The invention relates to a device for generating an additional effect for a hand tool machine according to the preamble of the independent claim.

From EP 1 223 010 a device for generating an additional effect is known. Here, by an additional effect is meant in particular a pulse, an impulse, a moment and/or a component of force, understood in addition to, in particular selectively in addition to a driving torque and/or a driving force of a drive of a tool of the hand tool machine. The device of EP 1 223 010 is configured in this case as a vibrating device. EP 1 223 010 describes a motor-driven hammer having a tool holder and an air cushion hammering mechanism that is formed in a cylinder to generate repeated striking pulses upon a tool insert accommodated in the tool holder. The vibrating device for generating an additional effect comprises an eccentric mass element, which may be fastened so as to rotate about the axis of the cylinder and may be driven in a rotational manner.

When using tools, in particular tools driven axially along a principal axis, as in the case of the hammer described in EP 1 223 010, increasing frictional forces between the tool and a workpiece may lead repeatedly to binding or even jamming of the tool in the workpiece. If the tool insert due to the occurrence of binding forces becomes stuck, then the additional effect generated by means of the device may contribute towards improved extrication of the tool.

In the case of the device of prior art, it has proved disadvantageous that only an additional effect lying substantially in a plane at right angles to the principal axis may be generated. It is further to be regarded as a drawback that the device is limited in its design for reasons relating to installation space.

Disclosure of the invention

Advantages of the invention The device according to the invention having the features of the main claim has the advantage that by virtue of the axis Rl and/or R2, along and/or about which the mass element of the device according to the invention is movable, being aligned at an angle WR differing from zero relative to the principal axis, an additional effect may be generated at a selectively adjustable angle by two components that are oriented in particular in, and at right angles to, the principal axis. It is further to be regarded as an advantage that the device according to the invention may be disposed optimally in terms of installation space in a housing of the hand tool machine.
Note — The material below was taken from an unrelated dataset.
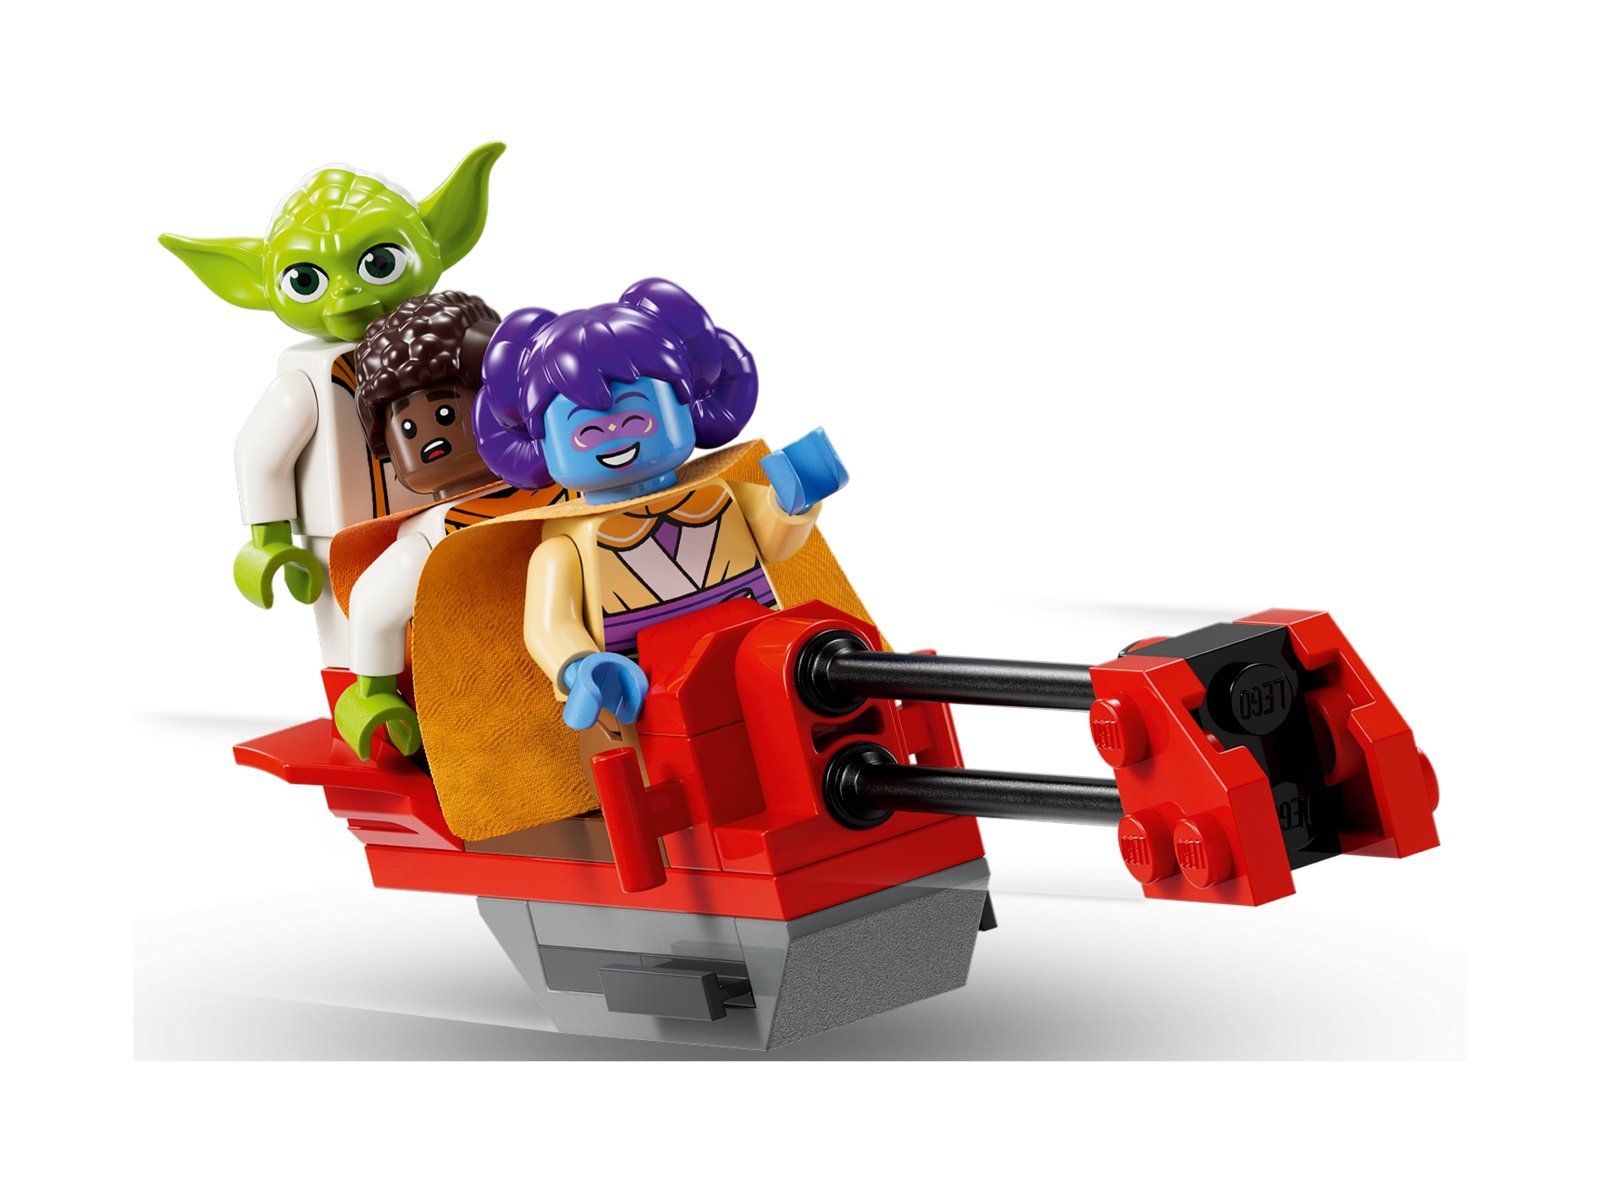 LEGO Star Wars Świątynia Jedi™ na Tenoo 75358
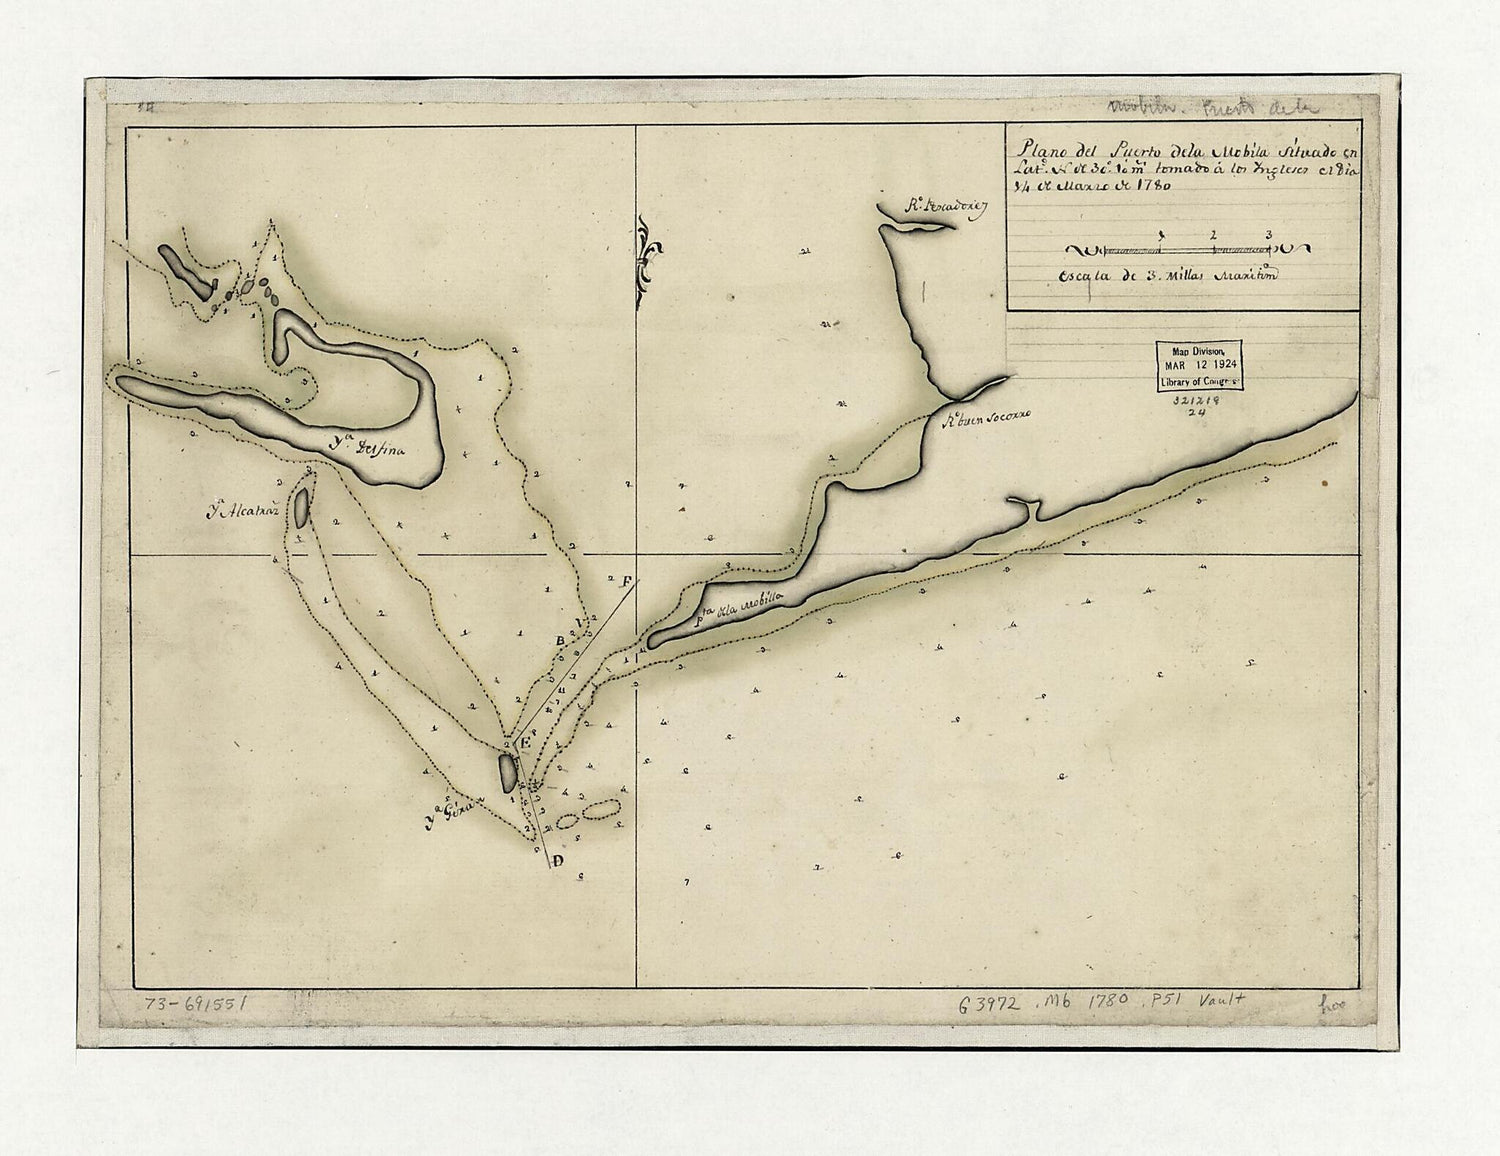 This old map of Plano Del Puerto De La Mobila Situado En Latd. No. De 30⁰ 10ʹ M. Tomado á Los Ingleses El Dia 14 De Marzo De from 1780 was created by  in 1780

According to the invention the device is used in this case at least to generate an additional effect, preferably a plurality of additional effects, in particular in a particularly advantageous manner a plurality of periodic additional effects. Here, by the principal axis is meant an axis that is defined by a principal working direction of the tool during machining of a workpiece. Here, by the principal working direction is meant in particular a direction, in which an advancing of the tool relative to the workpiece is generated and/or in which a removal of material occurs. The machining is preferably percussion machining such as for example chiselling, rotary machining such as for example drilling, and/or linear-sawing machining of the workpiece.

Advantageous developments and improvements of the features indicated in the main claim arise as a result of the measures outlined in the sub-claims.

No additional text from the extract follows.